The negative regulation of GSK3β on tumorigenesis also appears true for mammary tumors. Farago et al. [20] show that antagonizing the endogenous activity of GSK3β by tissue-specific expression of a kinase-inactive GSK3β (dominant negative) in mouse mammary glands promotes mammary tumorigenesis. The promotion of mammary tumorigenesis by this kinase-inactive GSK3β is accompanied by the accumulation of β-catenin and cyclin D1, suggesting that the promotion is mediated by the dysregulation of the Wnt/β-catenin pathway. Conversely, activation of GSK3β suppresses mammary tumorigenesis.
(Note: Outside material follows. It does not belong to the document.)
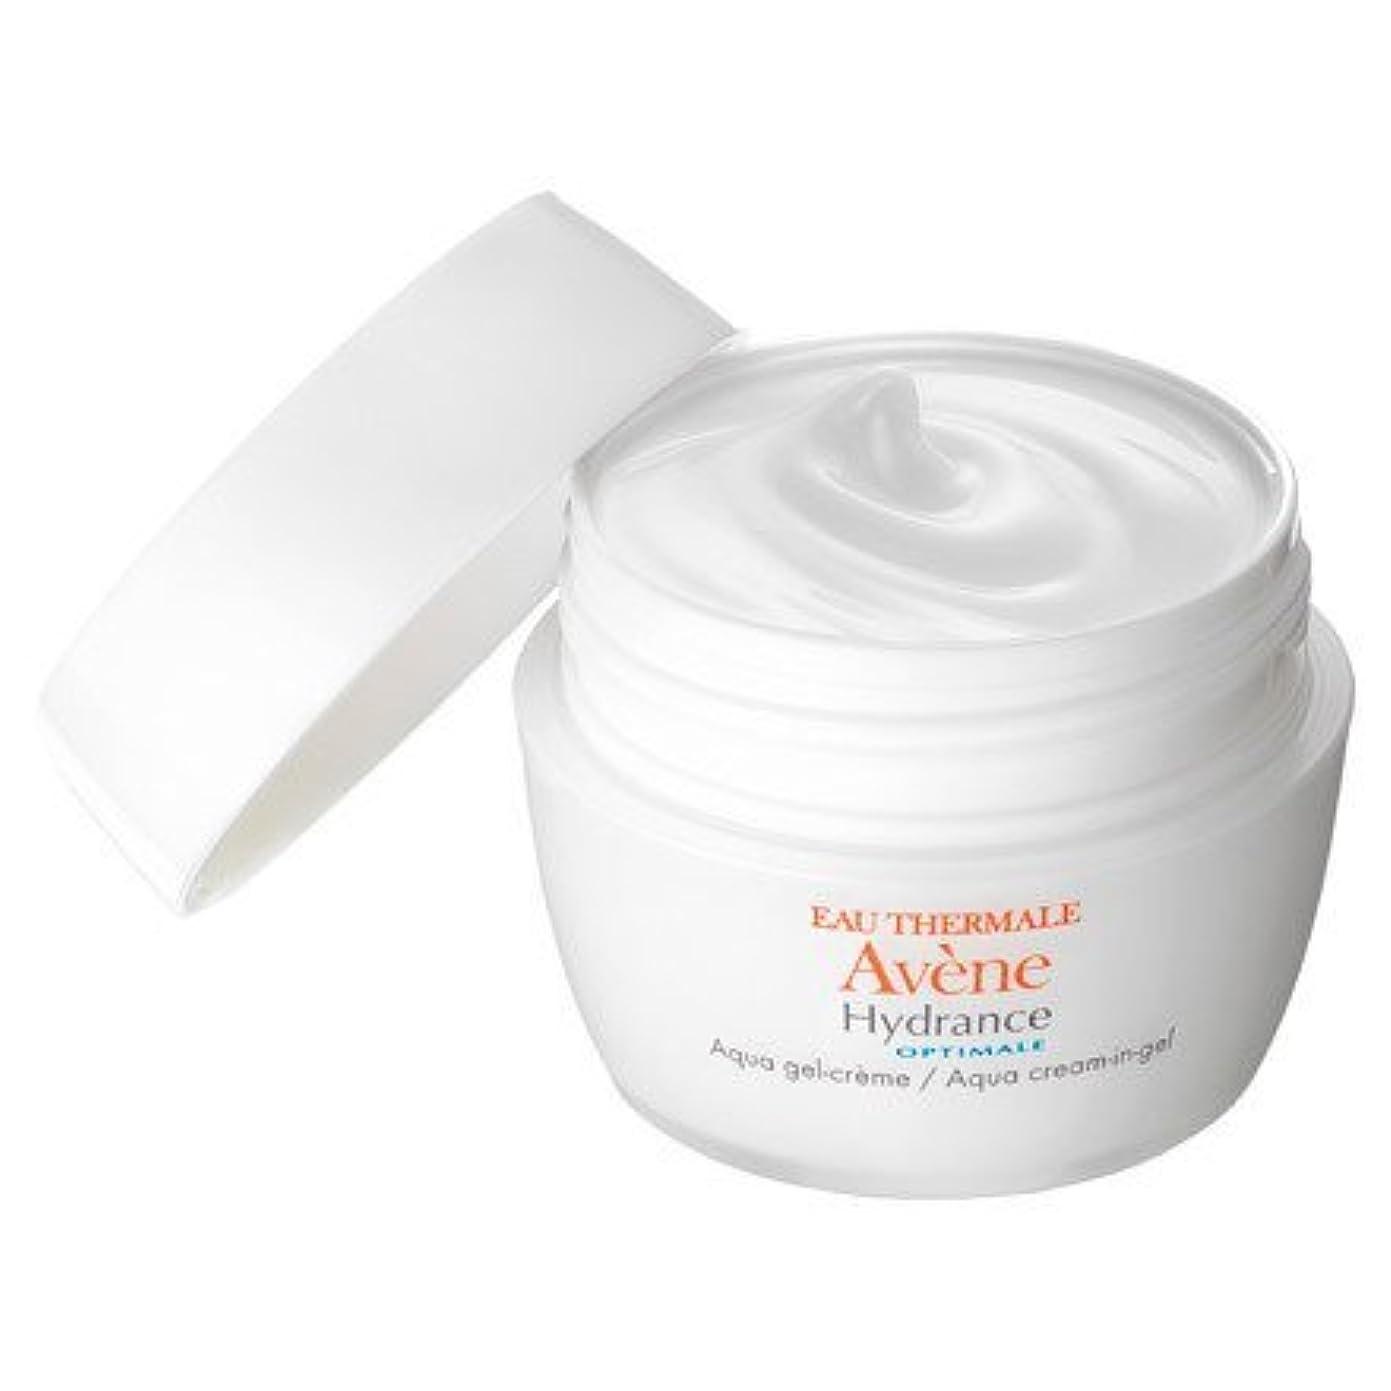 オーストラリア有力者仮称Avene Aqua Cream in Gel アベンヌ ミルキージェル 保湿ジェルクリーム 50g [海外直送品] [並行輸入品]

Activation of GSK3β by adiponectin induces apoptosis and cell cycle arrest in MDAMB-231 human breast cancer cells, which is accompanied by suppressed intracellular accumulation of β-catenin and its nuclear activities and reduced cyclin D1 levels [21]. Moreover, in vivo activation of GSK3β by supplementation of recombinant adiponectin or adenovirus-mediated overexpression of adiponectin substantially reduces the mammary tumorigenicity of MDAMB-231 cells in nude mice [21]. Similarly, activation of GSK3β by rapamycin also induces down-regulation of cyclin D1 expression, cell cycle arrest and the inhibition of anchorage-dependent growth in breast cancer cells [22]. Consistent with these findings, expression of constitutively active GSK3β (S9A mutant) causes apoptosis of human breast cancer cells; moreover, injection of the liposome complex with GSK3β to tumor-bearing mice significantly inhibits mammary tumor growth [23]. Taken together, GSK3β may function as a “tumor suppressor” for mammary tumors, whereas antagonism of GSK3β activity is oncogenic for mammary epithelial cells.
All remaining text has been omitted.